Handling Large Event Volume
A large network, or a network that needs cleanup, can generate a large number of events per day. If you look at the total number of events, you can easily get discouraged. How can you fix one problem at a time to reduce a list of 100,000 or more events?
Fortunately, some events are easily classified into groups, which greatly simplifies their handling. For example, the CDP Duplex mismatch that is shown in the example above may be generated every ten minutes from a single device, creating 1,440 syslog entries per day. If multiple ports on a switch have this problem, the syslog messages from the one switch may be in tens or hundreds of thousands.
I prefer to use a syslog summary script to summarize hundreds of thousands of syslog messages into a few pages, sorted by frequency, so I know what to tackle first. It is easy to look through the list of message types to find those that are the most important, then identify the device that is experiencing the problem.
The CDP Duplex Mismatch problem identified above was due to several mis-configured ports on one switch. The summary showed that it reported a total of 129,130 Duplex Mismatch events in a single day (see below). Correcting the configuration across all ports on this switch corrected quite a number of problems that were impacting end station connections into the network.
129130 10.1.1.124 10.1.1.124 CDP-4-DUPLEX_MISMATCH
The summary scripts are available for free at:
http://www.netcraftsmen.net/resources/technical-articles/712-syslog-summary-scripts.html.

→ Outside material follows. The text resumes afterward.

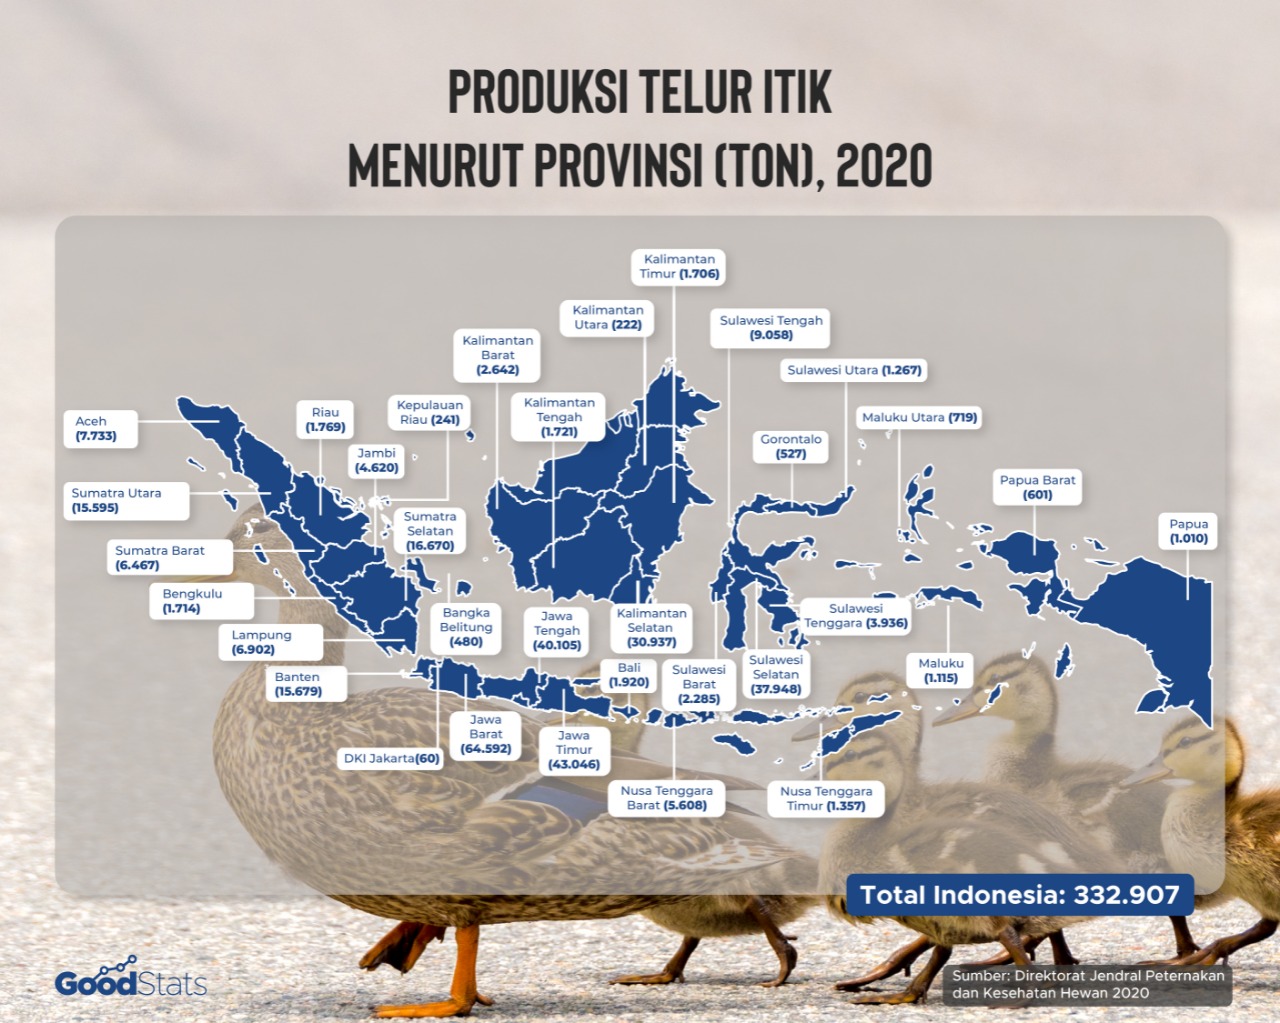 Produksi telur itik di Indonesia pada selama tahun 2020. | Infografis ; GoodStats/Angelia
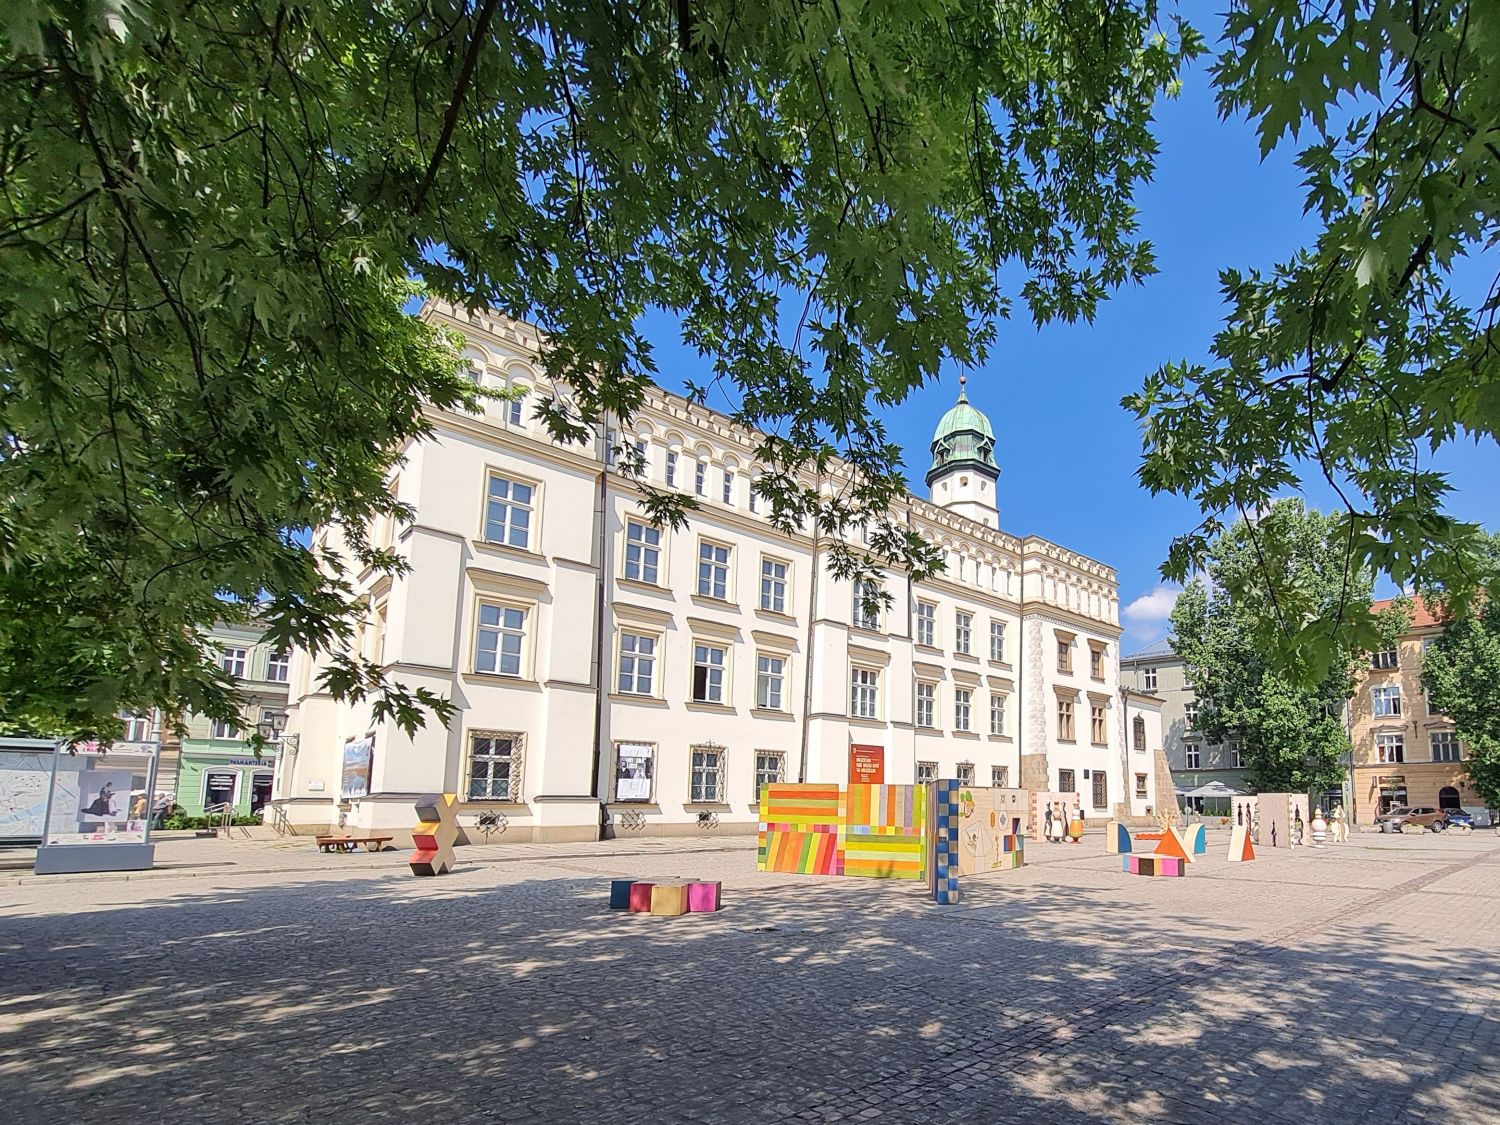 Muzeum Etnograficzne w Krakowie

Since the summary output is only a few pages, even on a big, busy network, it is easily emailed to the network team or posted on a web page. The operations staff can then look for critical errors and for high volume errors. Over a few weeks, it is possible to make a significant improvement in the network.
Network Events and SDN
Since I've been writing about SDN recently, I thought it might be worthwhile to discuss how events might be used in an SDN environment. There is basically no change. The events will typically be from the underlay network--the physical infrastructure. There will also be a set of new alerts that are specific to SDN, but those are likely to be a subset to the volume generated by the physical network infrastructure.
Summary
All that's required is to collect what it has to say and summarize it so that the volume does not overwhelm you. Finding and fixing the problems that it reports will result in a much more smoothly operating network.